48 The issue with the Trustee's decision is that on 31 May 2021 Parker J handed down judgment in Xinfeng Australia International Investment Pty Ltd v GR Capital Group Pty Ltd [2021] NSWSC 614 in which "his Honour rejected an illegality argument advanced by GR Capital that was either identical to, or certainly very similar to, the arguments said to be advanced by GR Capital" in the Supreme Court Proceeding: Yan v The Won at [92] (Pike J). On this basis, Pike J ordered that the active defendants in the Supreme Court Proceeding (including The Won) pay the Applicant's costs on the indemnity basis from 30 June 2021. The Applicant submits that if the Trustee had consulted with the creditors, then the Trustee may have made a different decision with respect to the appointment of a director to The Won. I accept that while the Trustee was not under a legal obligation to consult the creditors on this issue, the process adopted by the Trustee was not necessarily in the best interests of the bankruptcy.
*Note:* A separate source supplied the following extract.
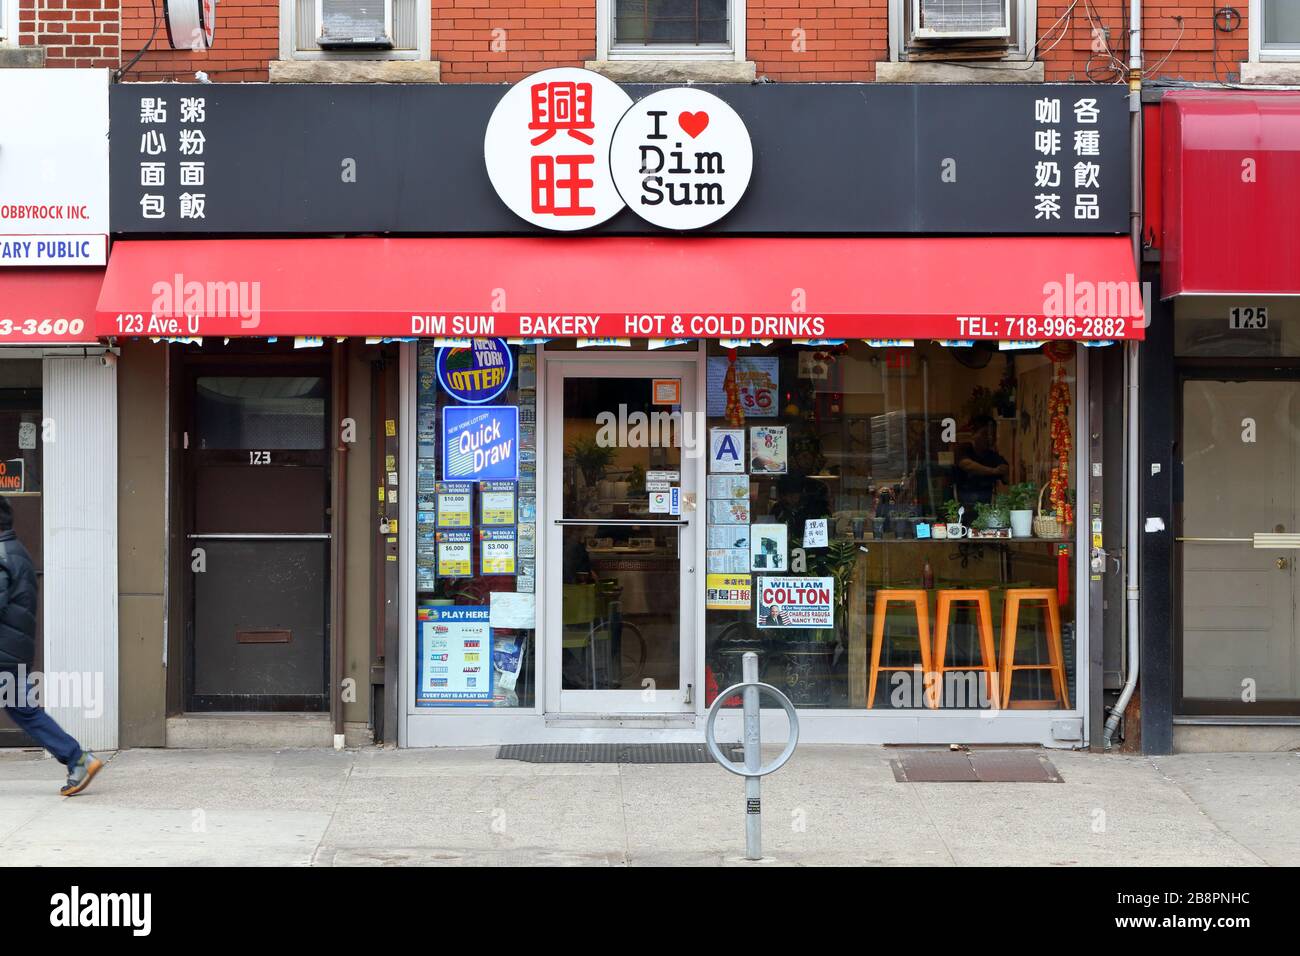 I Love Dimsum, 123 Avenue U, Brooklyn, Nueva York. Foto del escaparate de Nueva York de una panadería y cafetería china dim sum. Foto de stock

49 The second questionable decision by the Trustee was the failure to call a meeting of the creditors when directed by the Applicant. On 14 August 2023, Dentons wrote to the Trustee directing the Trustee to convene a meeting of the creditors pursuant to s 75-15(1)(c) of the Schedule of the Bankruptcy Act for the creditors to vote on the following resolutions:
1. Resolution 1
Remove [the Trustee] as trustee of the bankrupt estate of Wensheng LIU.
2. Resolution 2
Mark Julian Robinson be appointed as trustee of the bankrupt estate of Wensheng LIU.
(Emphasis in original.)
50 It appears that the Trustee may not have received this correspondence until 14 September 2023. On 27 September 2023, the Trustee responded to this correspondence and his reply included the following statement:
With respect to your client's request for a meeting of creditors to change the trustee, I will provide a formal response in due course. Please note that a change of trustee in a bankrupt estate requires the support of a majority of creditors in number and a majority of creditors in value and after a review of the creditors disclosed in the Statement of Affairs it appears unlikely that this would be supported by the creditors.
(Emphasis added.)
51 I agree with the Applicant that the Trustee appears to have prejudged the outcome of the creditors meeting without a clear basis. As a result, in my view, the failure to call the creditors meeting was not necessarily in the best interests of the bankruptcy.
52 The Applicant also sought an order for costs on the amended application. However, in circumstances where the Trustee did not participate in the proceeding, I am not prepared to make this order.